Task directions: The pictures stay out; all of the data is to be printed exactly.

Provided material:

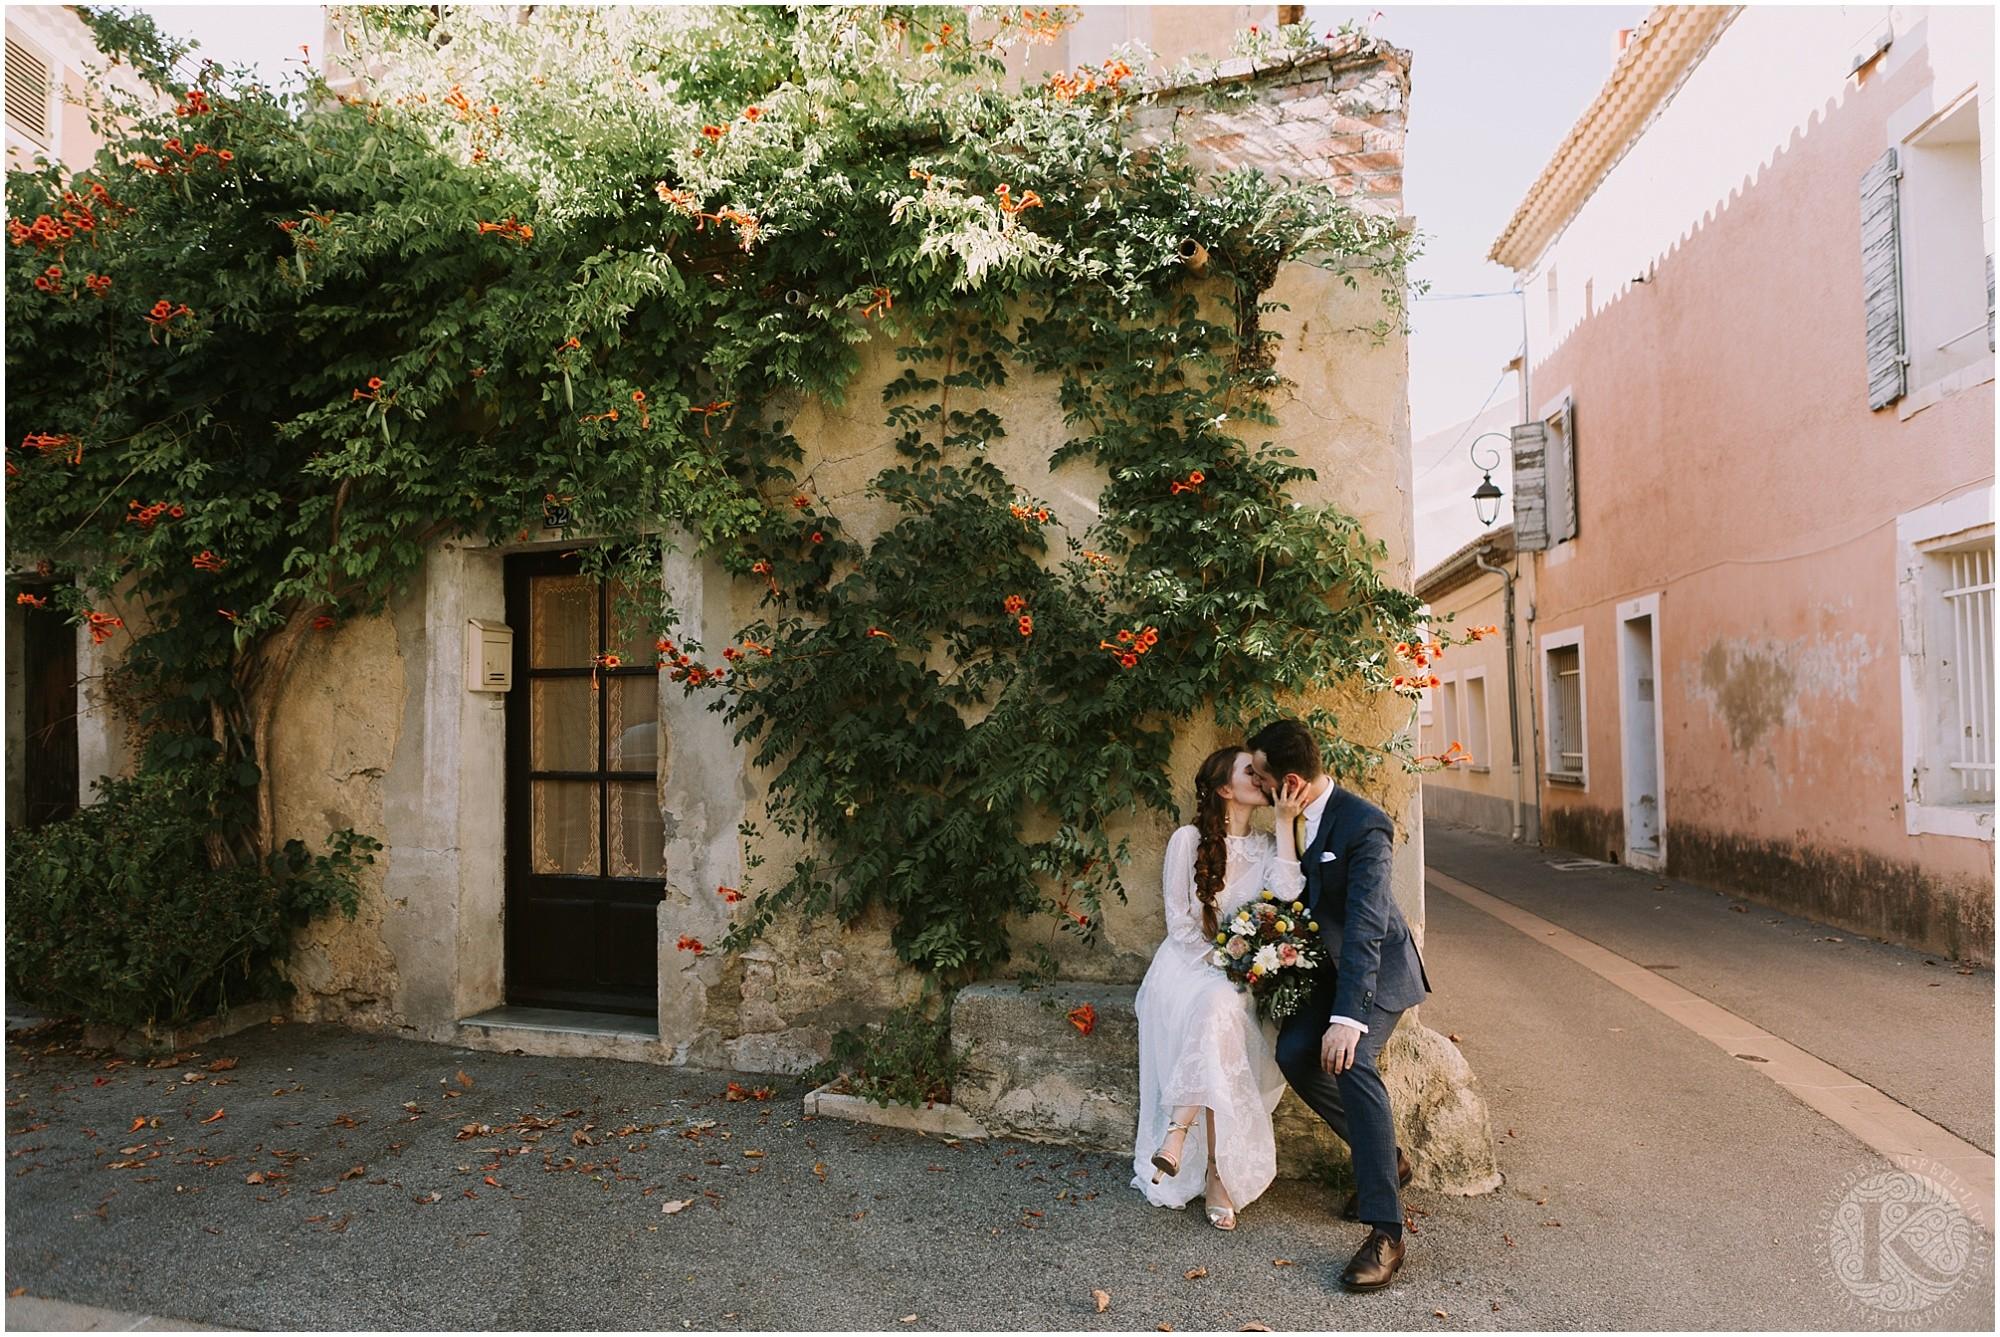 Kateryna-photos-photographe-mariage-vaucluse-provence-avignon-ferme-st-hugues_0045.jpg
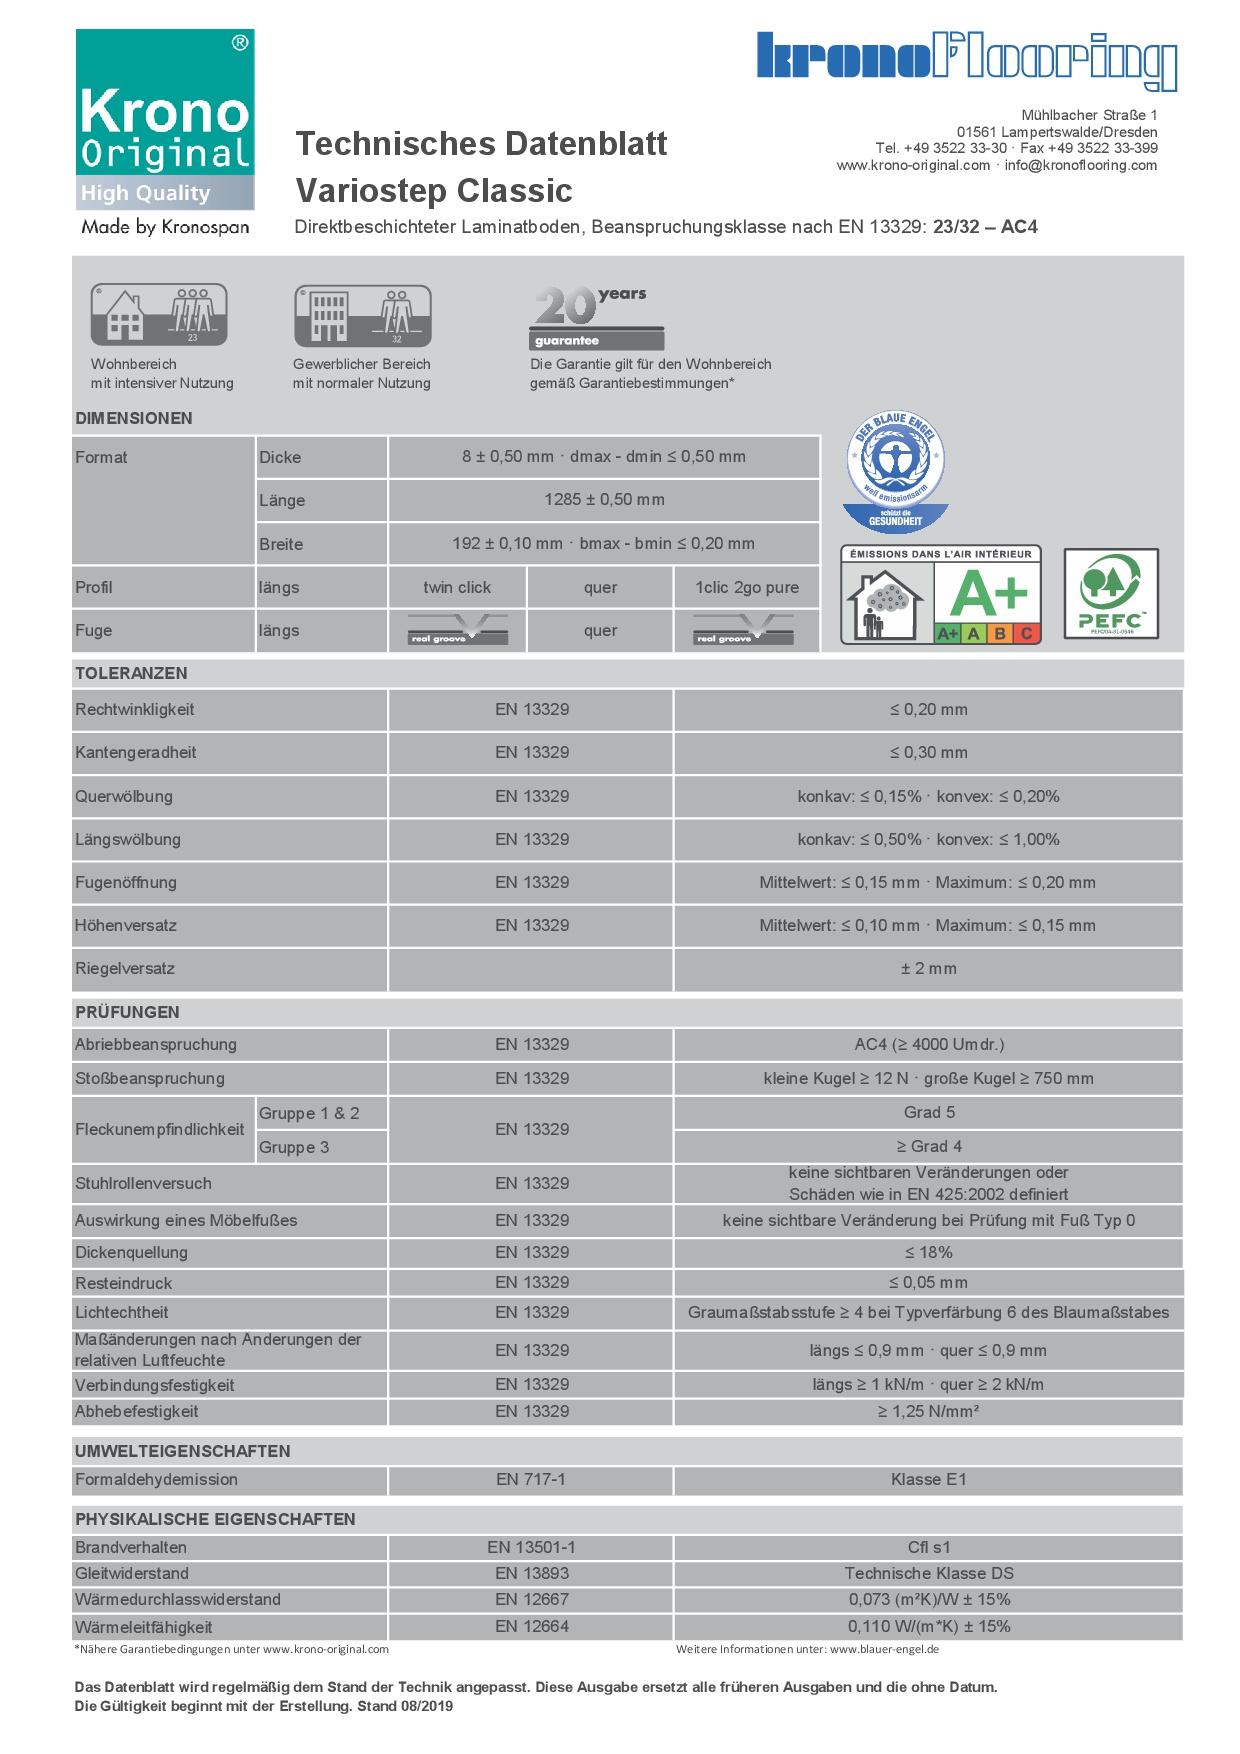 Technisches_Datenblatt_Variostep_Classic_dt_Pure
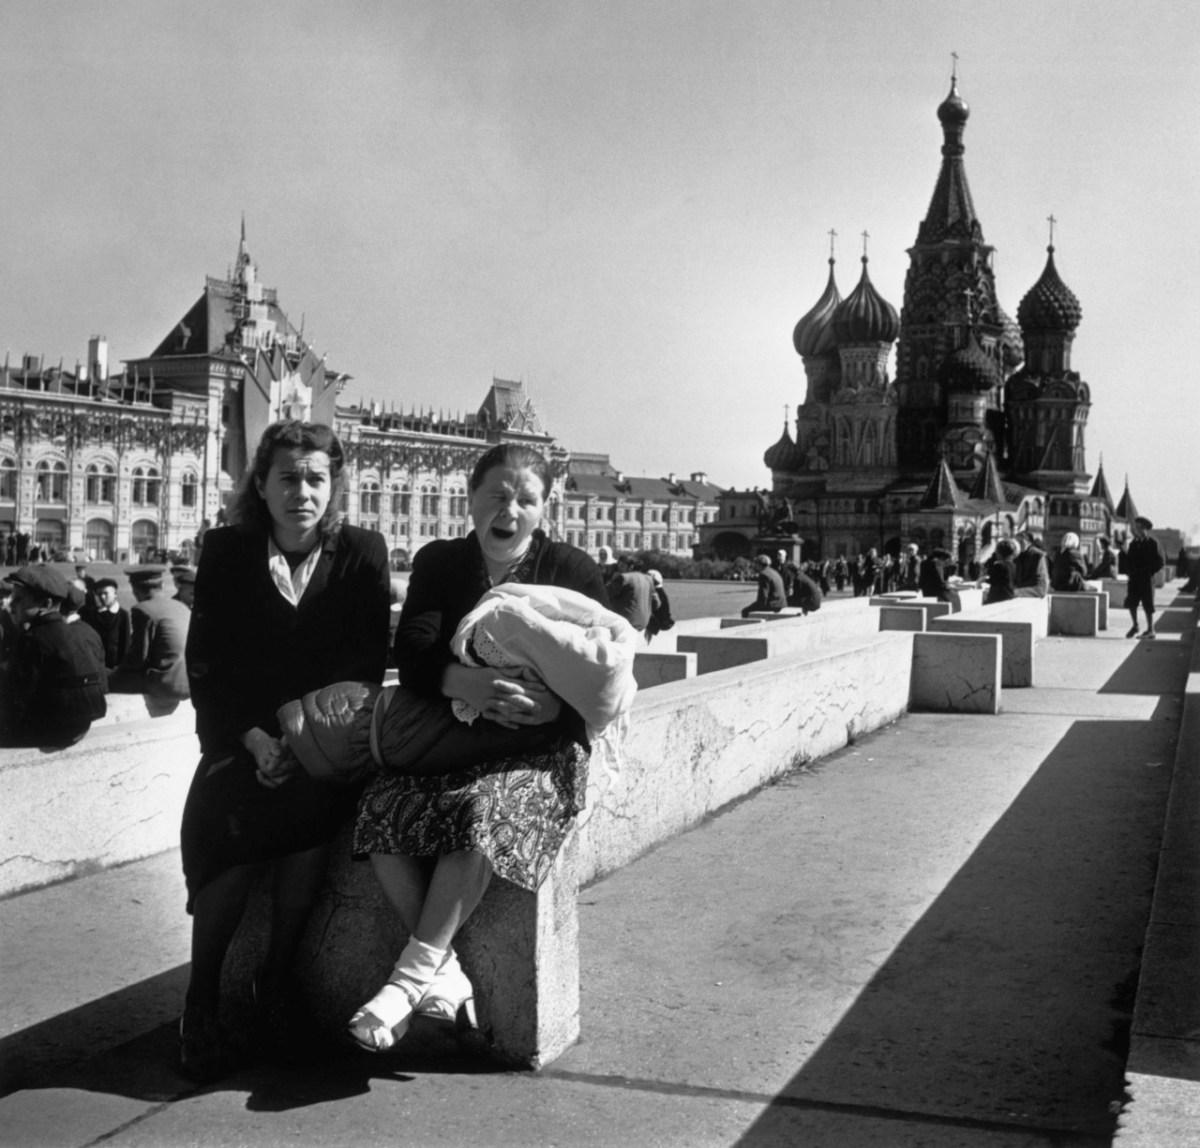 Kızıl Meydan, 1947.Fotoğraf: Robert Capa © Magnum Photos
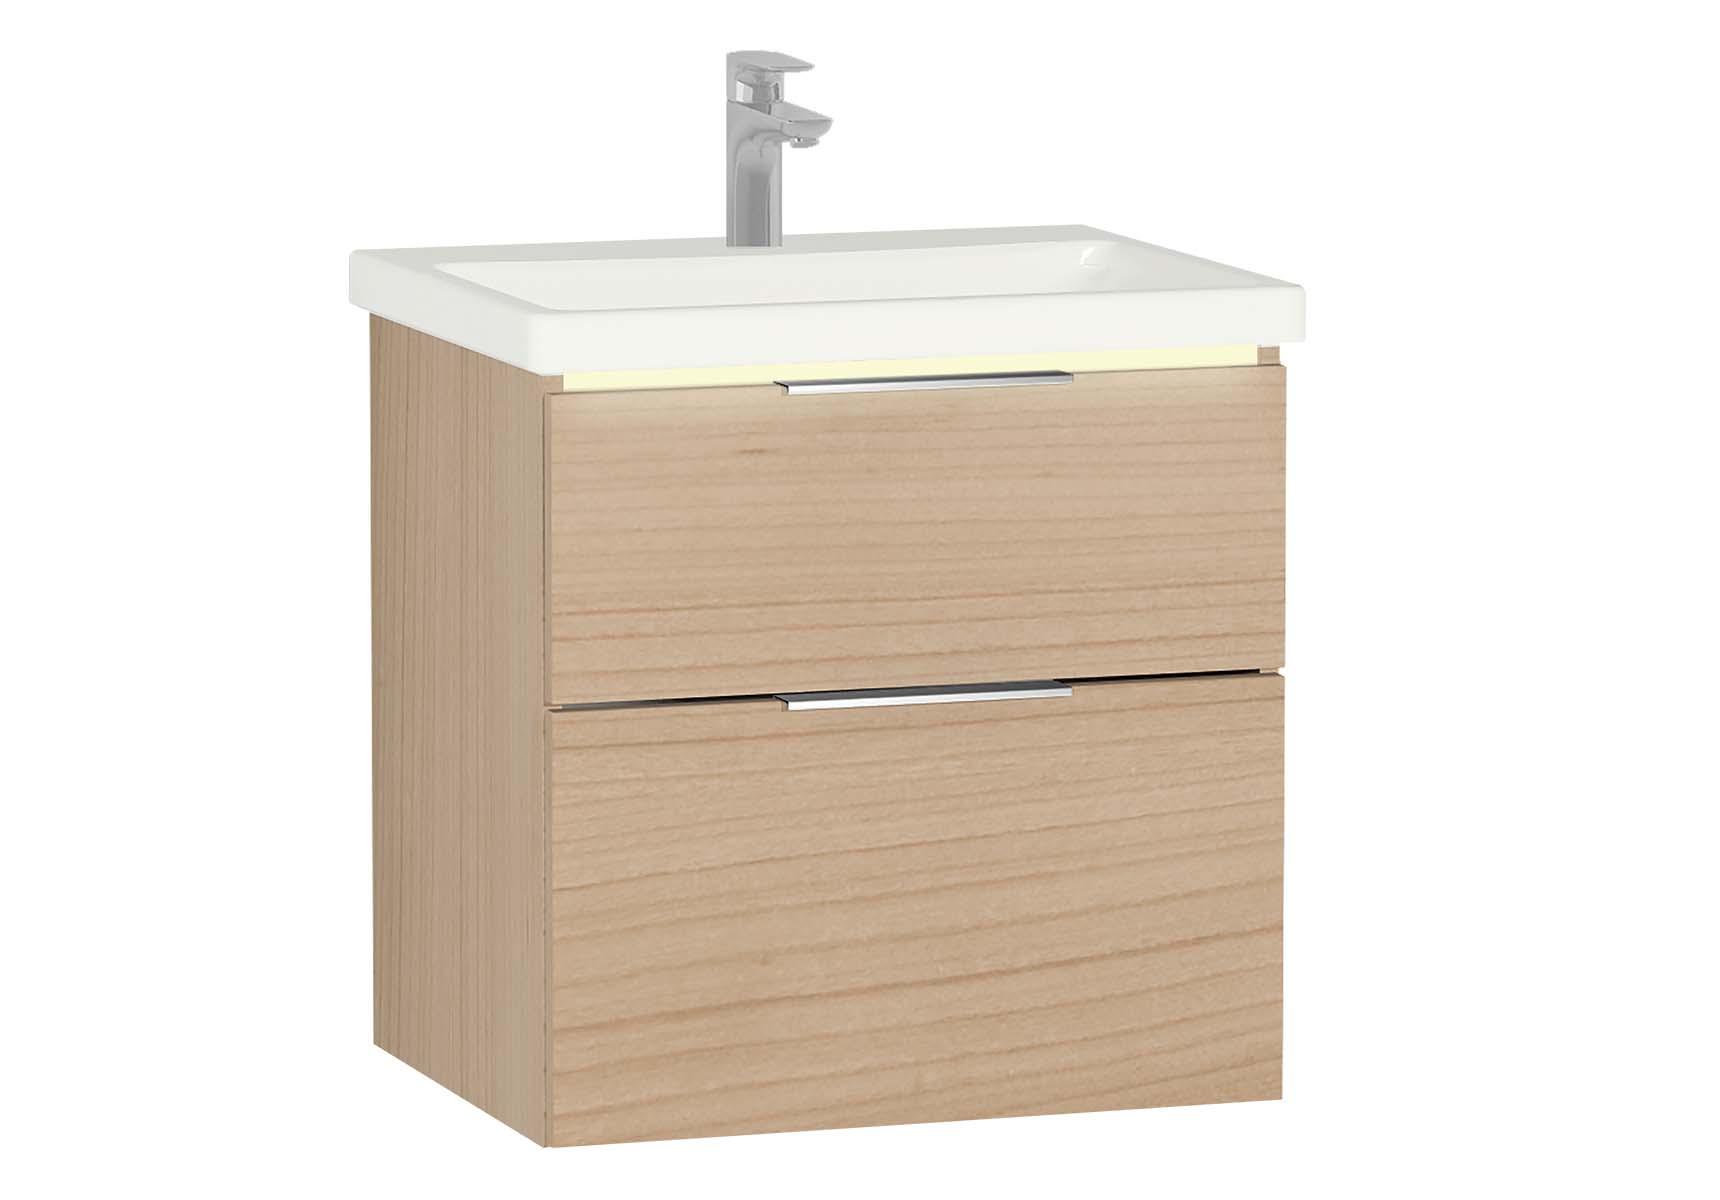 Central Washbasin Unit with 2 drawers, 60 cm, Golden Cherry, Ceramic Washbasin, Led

Your response:
 Kateryna-photos-photographe-mariage-vaucluse-provence-avignon-ferme-st-hugues_0045.jpg
 Technisches_Datenblatt_Variostep_Classic_dt_Pure
 Kızıl Meydan, 1947.Fotoğraf: Robert Capa © Magnum Photos
 Central Washbasin Unit with 2 drawers, 60 cm, Golden Cherry, Ceramic Washbasin, Led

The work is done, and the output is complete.